For 2QCY2012, Goodyear India Ltd (GIL) reported a better than expected top-line at Rs.401cr, 21.2% higher on a sequential basis, after posting a disappointing top-line in 1QCY2012 at Rs.331cr. However, on a y-o-y basis, the revenue growth was muted at 3.0% from Rs.389cr in 2QCY2011. The EBITDA margin contracted by 30bp yoy to 6.2% from 6.5% in 2QCY2011 owing to high employee cost. Consequently, the net profit came in at Rs.14.3cr, marginally lower than Rs.14.6cr in 2QCY2011.
Slowdown in auto industry to result in muted performance: GIL is a market leader in the tractor tyre industry.

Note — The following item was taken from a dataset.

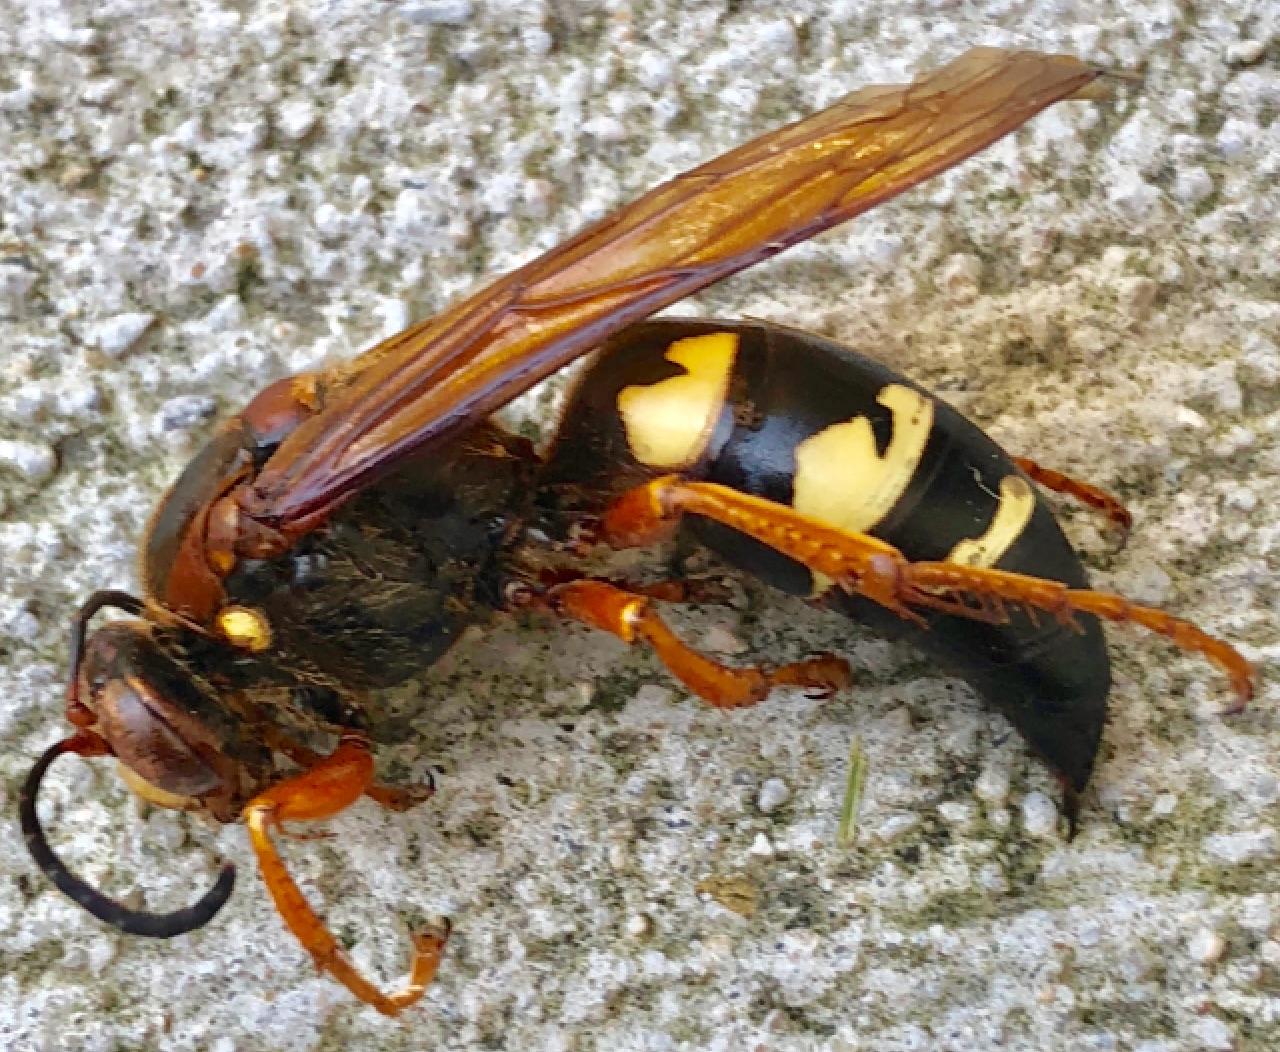 Eastern cicada killer (Sphecius speciosus)

A slowdown in the auto industry has impacted the tractor tyre segment which witnessed a sluggish performance in 1HCY2012. Moreover, in spite of declining rubber prices, there has been no significant improvement in the EBITDA margin which is a cause for concern. Due to these reasons, we have been conservative in our estimates and expect the company to post a muted performance on the top-line as well as the bottom-line front over CY2011-13E.
Outlook and valuation: We expect GIL to post a subdued 4.5% CAGR in revenue to Rs.1,654cr over CY2011-13E owing to a slowdown in the farm equipment segment. We expect the EBITDA margin to contract in CY2013E to 6.5% due to increased expenses (as percentage of sales) on a lower volume growth and recover to 7.3% in CY2013E. Thus, the net profit is expected to post a CAGR of 5.4% over CY2011-13E to Rs.72cr in CY2013E. At the current market price, the stock is trading at 10.8x its CY2013E earnings. Due to expensive valuations, we recommend a Neutral view on the stock.